:: ACTIVITY ::
Each record below should be returned word for word, with no pictures included.

Dataset records:
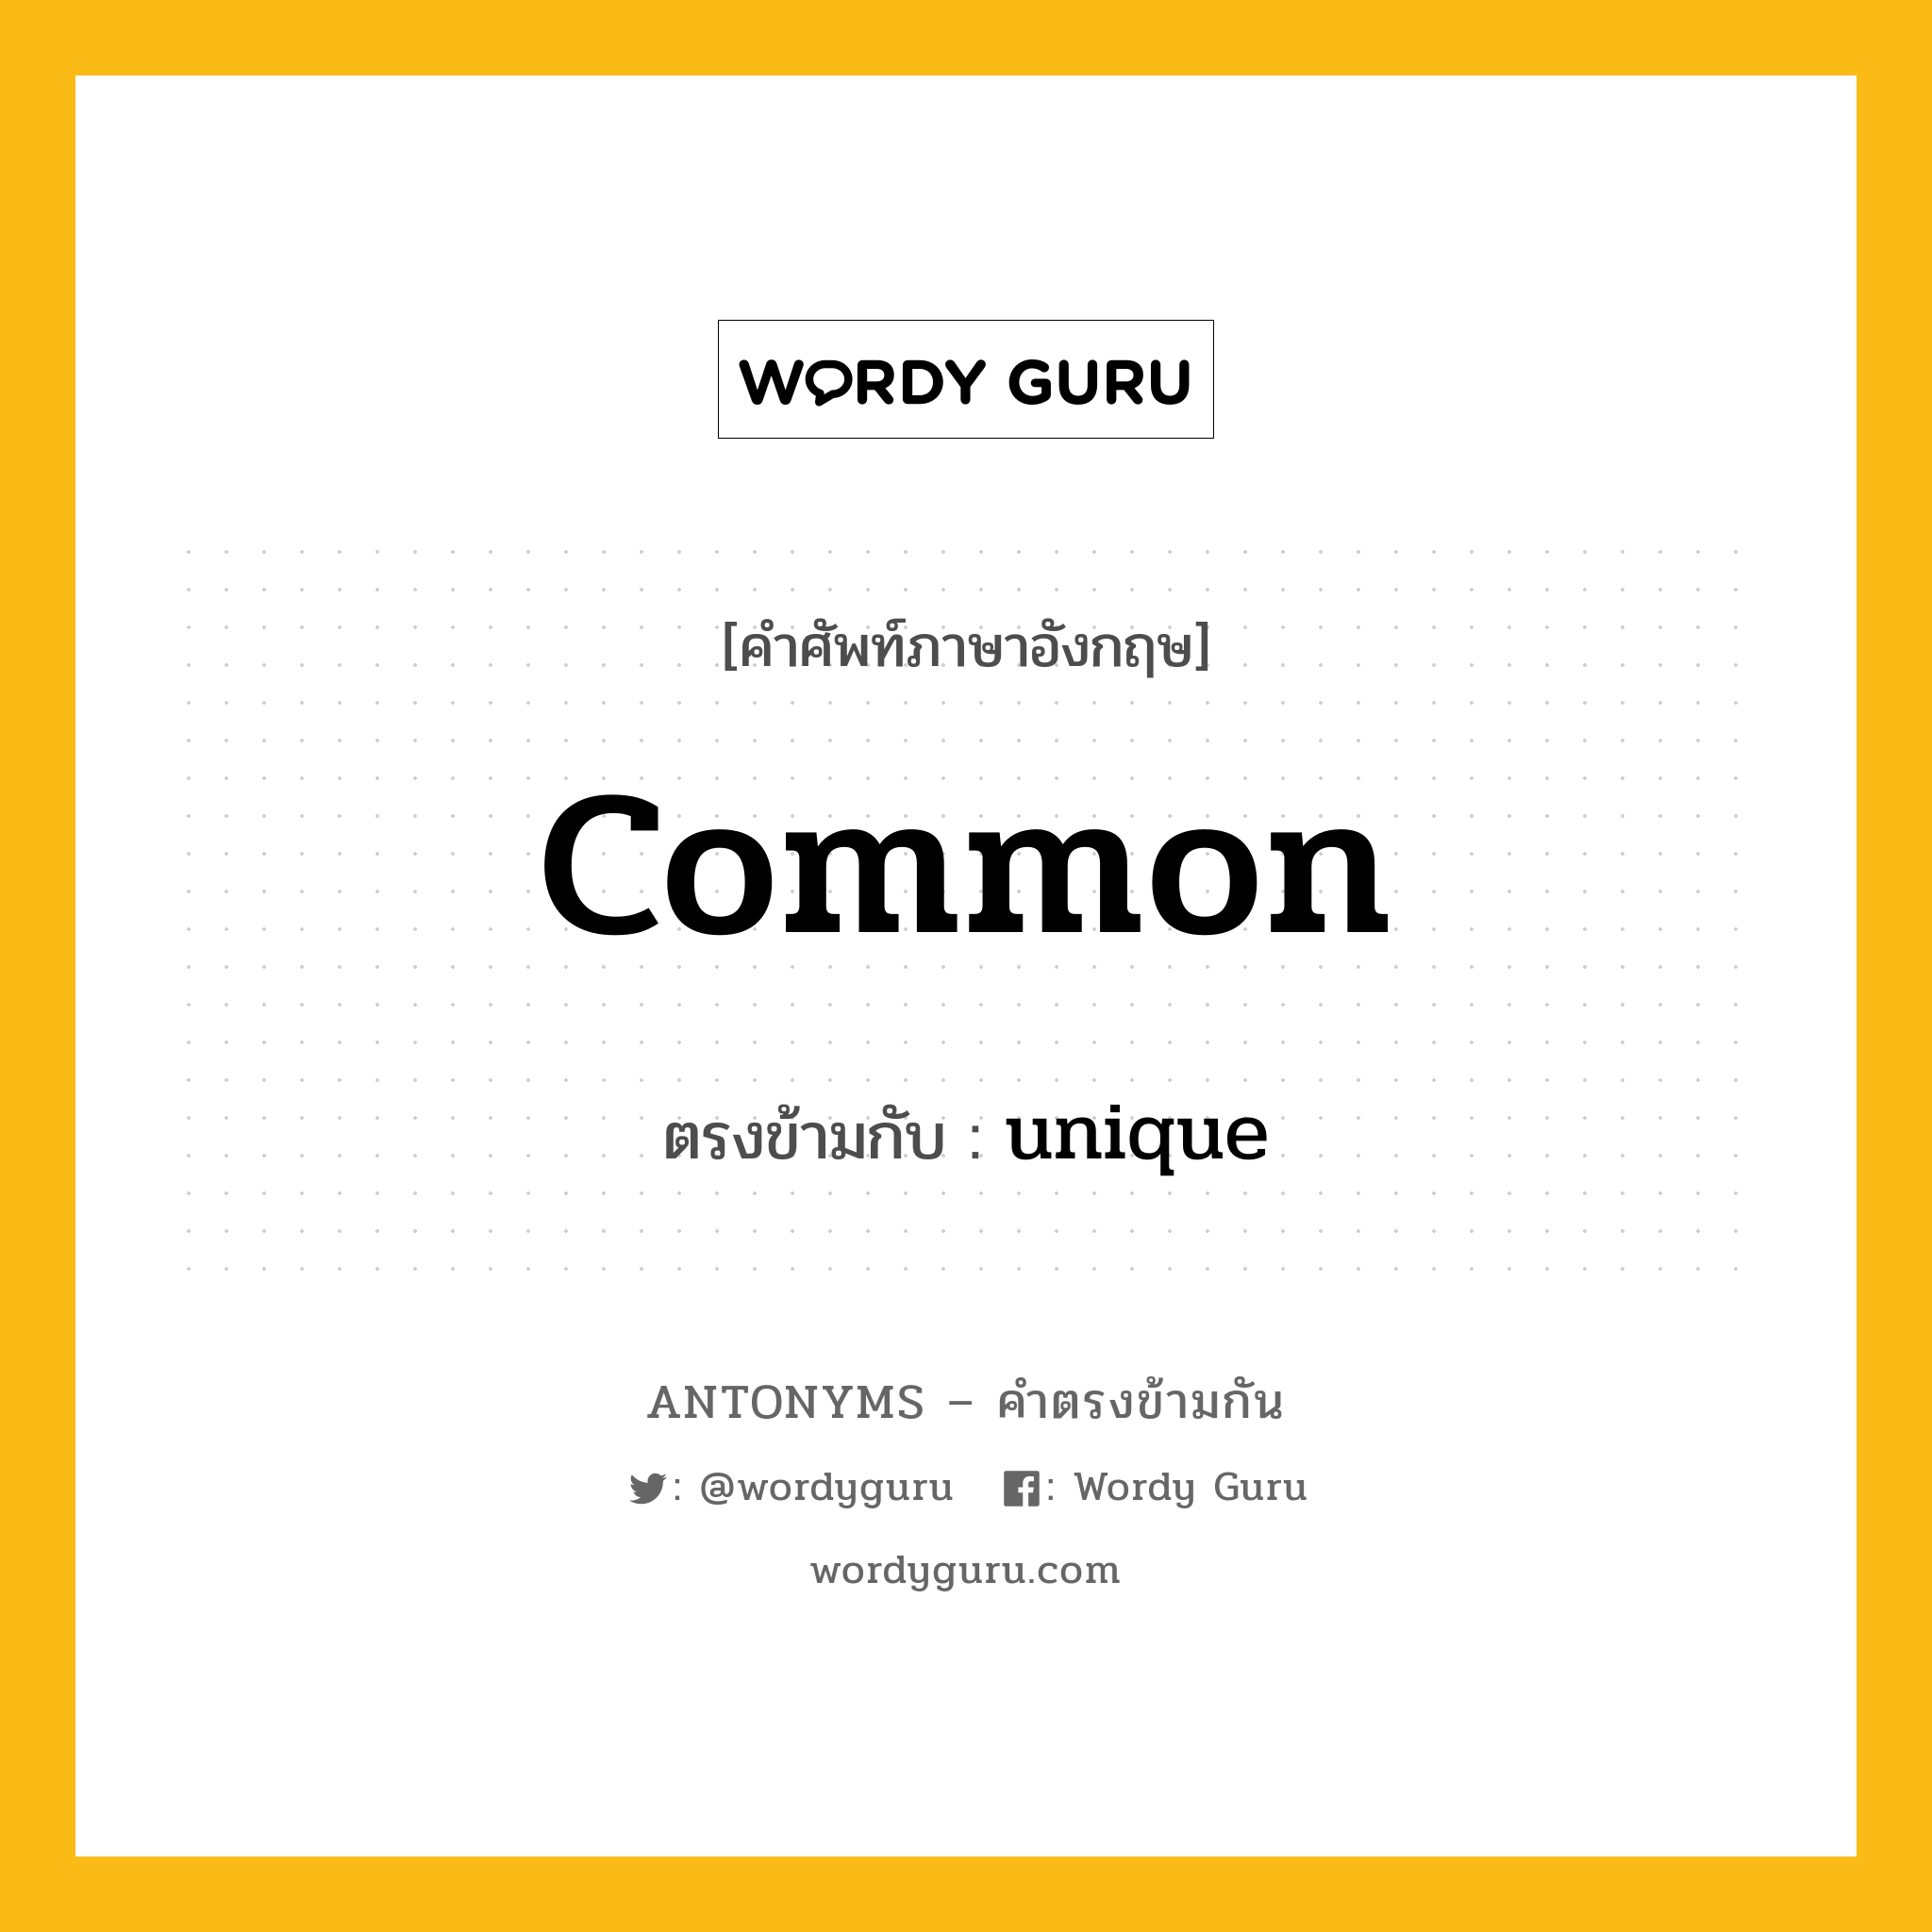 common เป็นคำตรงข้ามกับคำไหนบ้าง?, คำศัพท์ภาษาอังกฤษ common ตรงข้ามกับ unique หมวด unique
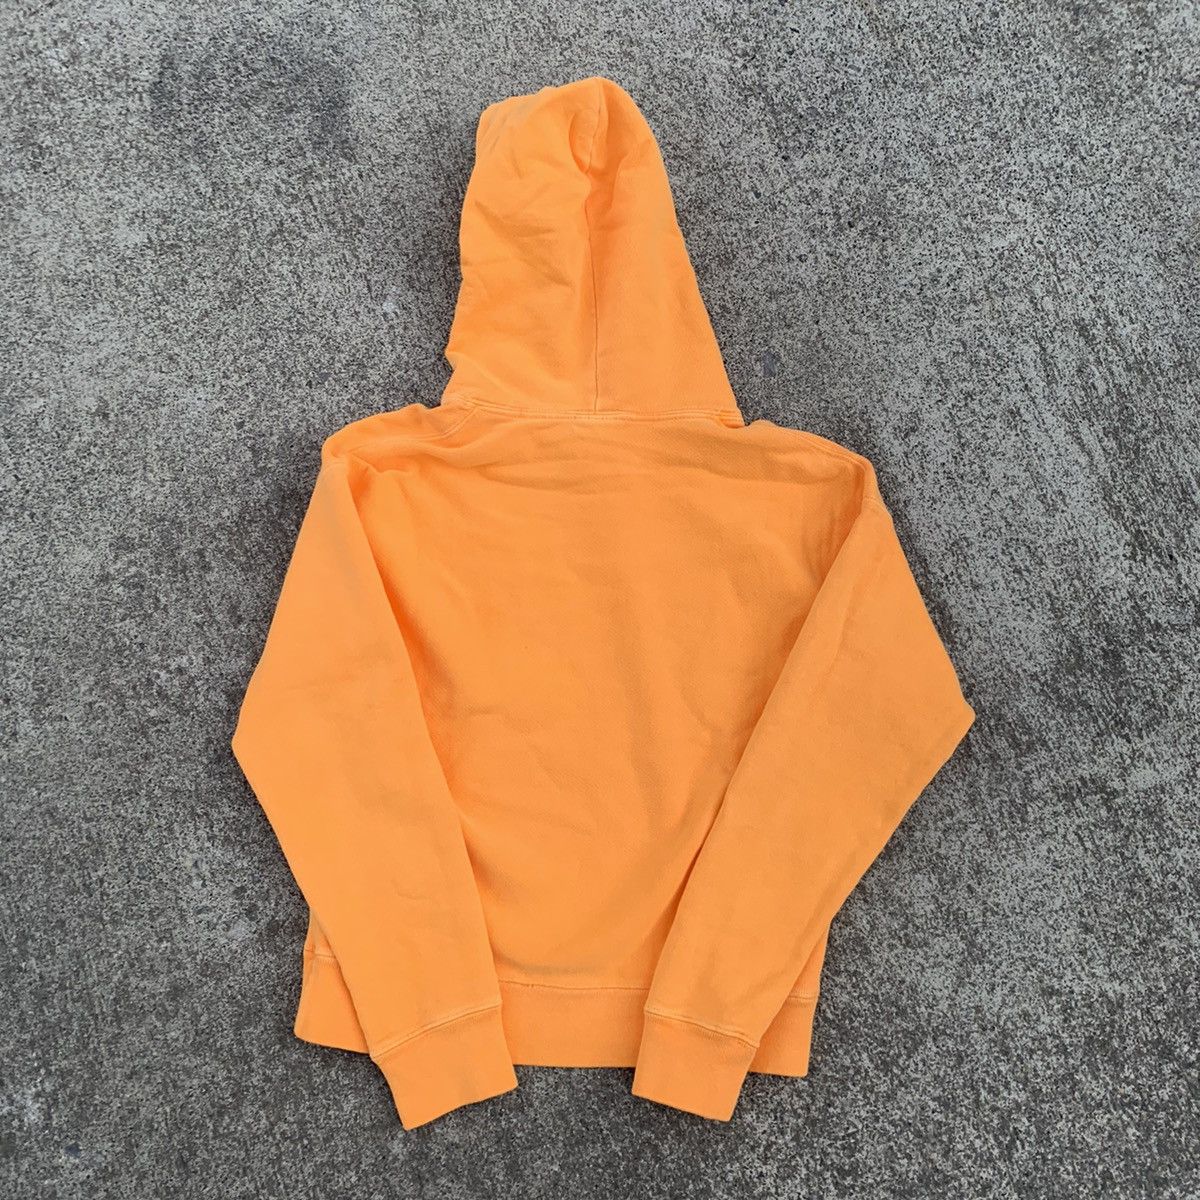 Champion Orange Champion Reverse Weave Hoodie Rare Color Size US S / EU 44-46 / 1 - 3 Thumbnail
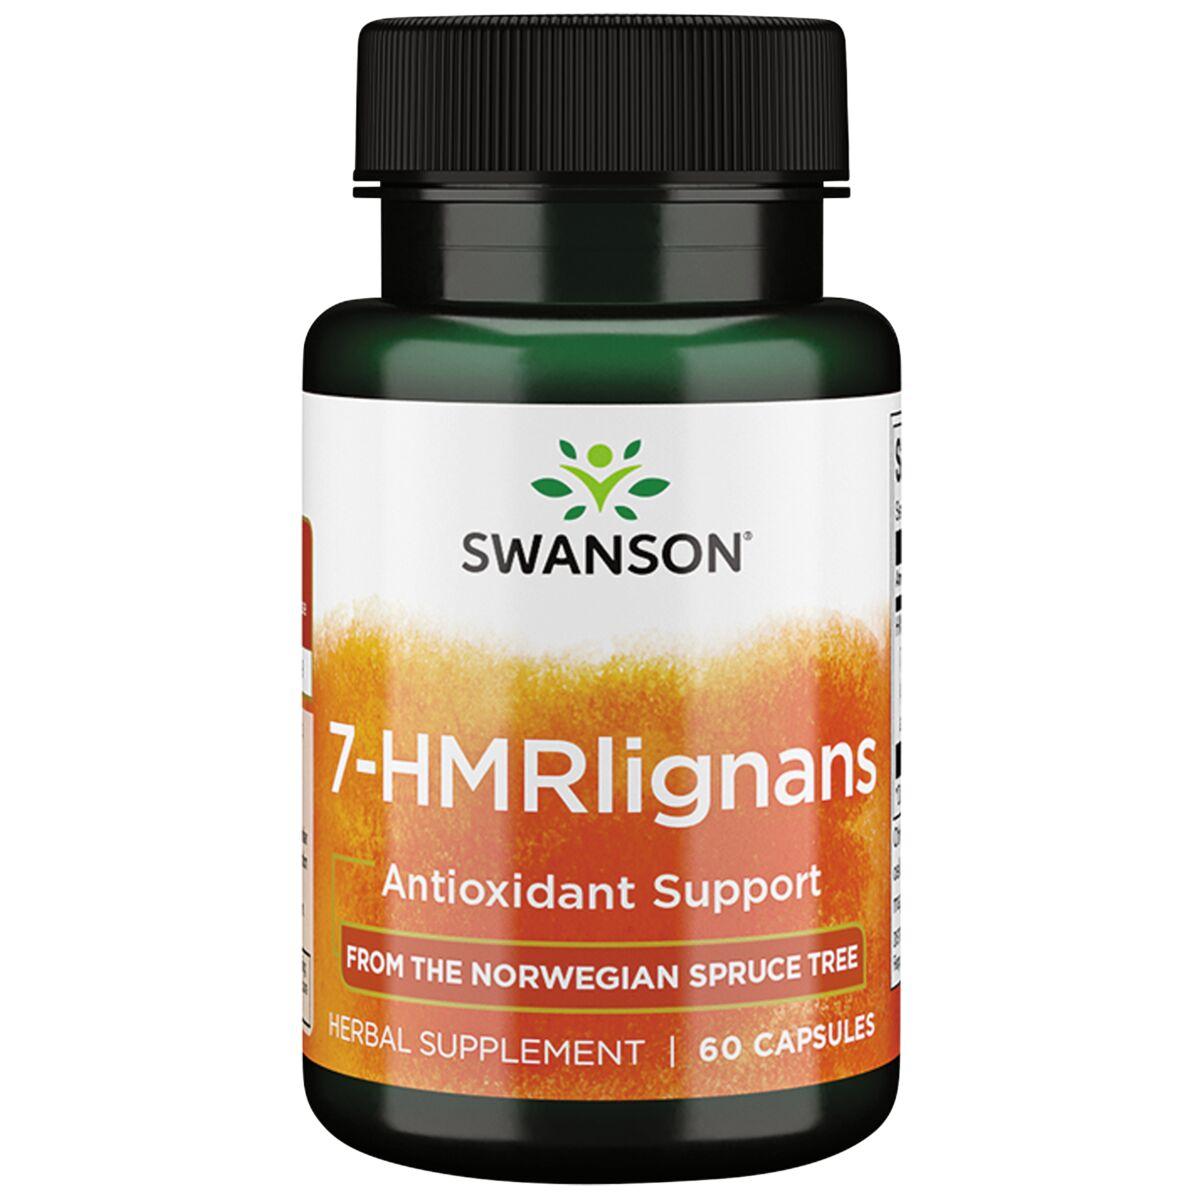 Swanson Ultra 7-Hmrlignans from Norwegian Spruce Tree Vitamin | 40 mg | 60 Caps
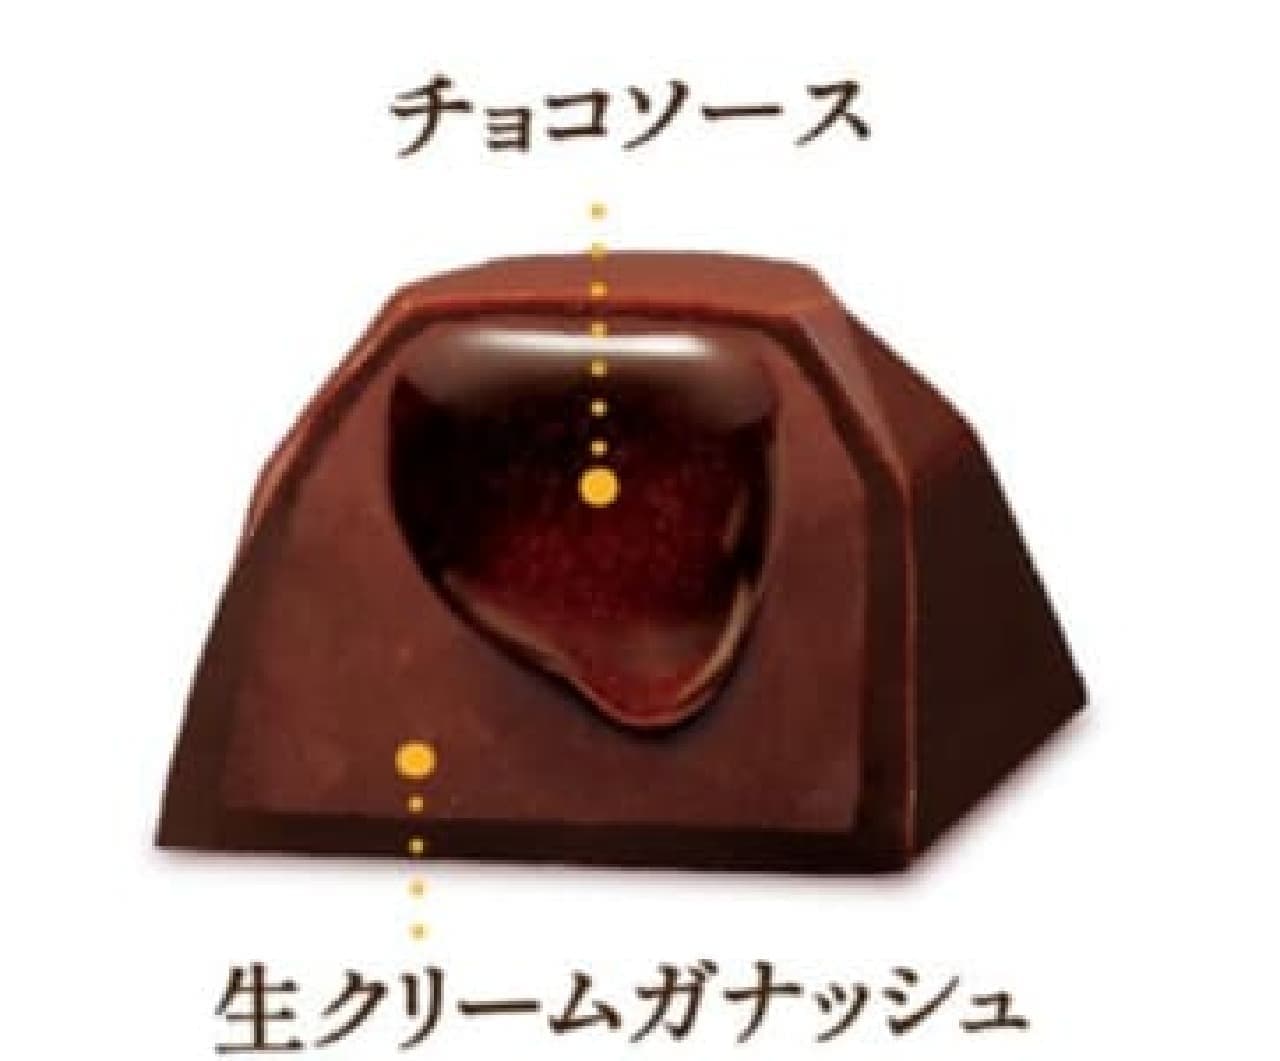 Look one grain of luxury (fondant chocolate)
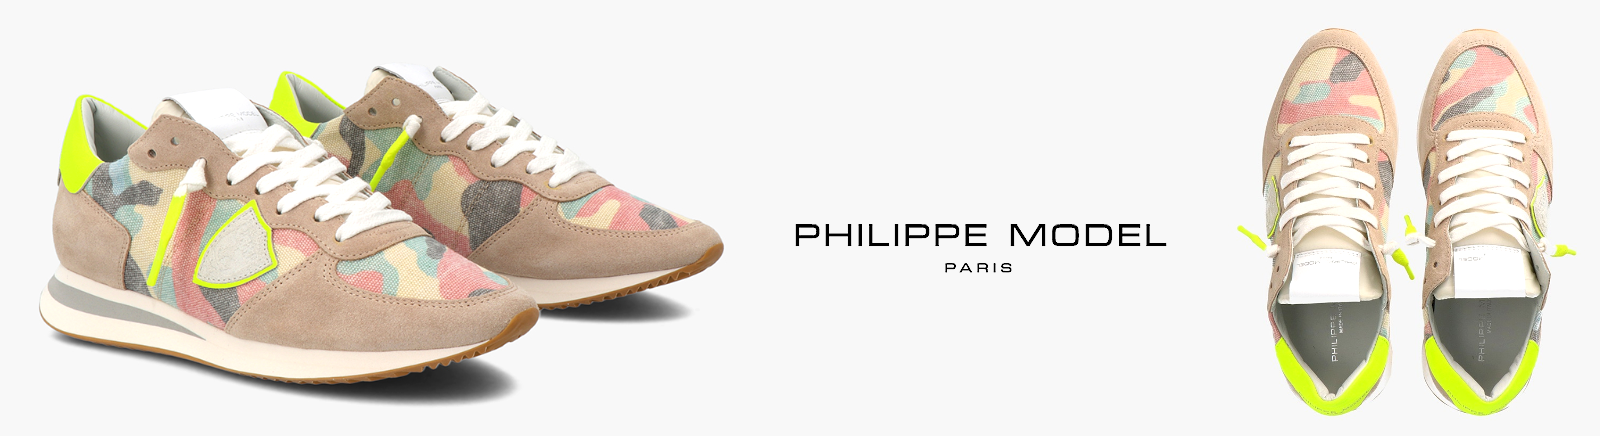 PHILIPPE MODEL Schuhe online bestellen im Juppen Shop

:: RESULT OF THIS TASK ::
 common เป็นคำตรงข้ามกับคำไหนบ้าง?, คำศัพท์ภาษาอังกฤษ common ตรงข้ามกับ unique หมวด unique
 Champion Orange Champion Reverse Weave Hoodie Rare Color Size US S / EU 44-46 / 1 - 3 Thumbnail
 Swanson Ultra 7-Hmrlignans from Norwegian Spruce Tree Vitamin | 40 mg | 60 Caps
 Look one grain of luxury (fondant chocolate)
 PHILIPPE MODEL Schuhe online bestellen im Juppen Shop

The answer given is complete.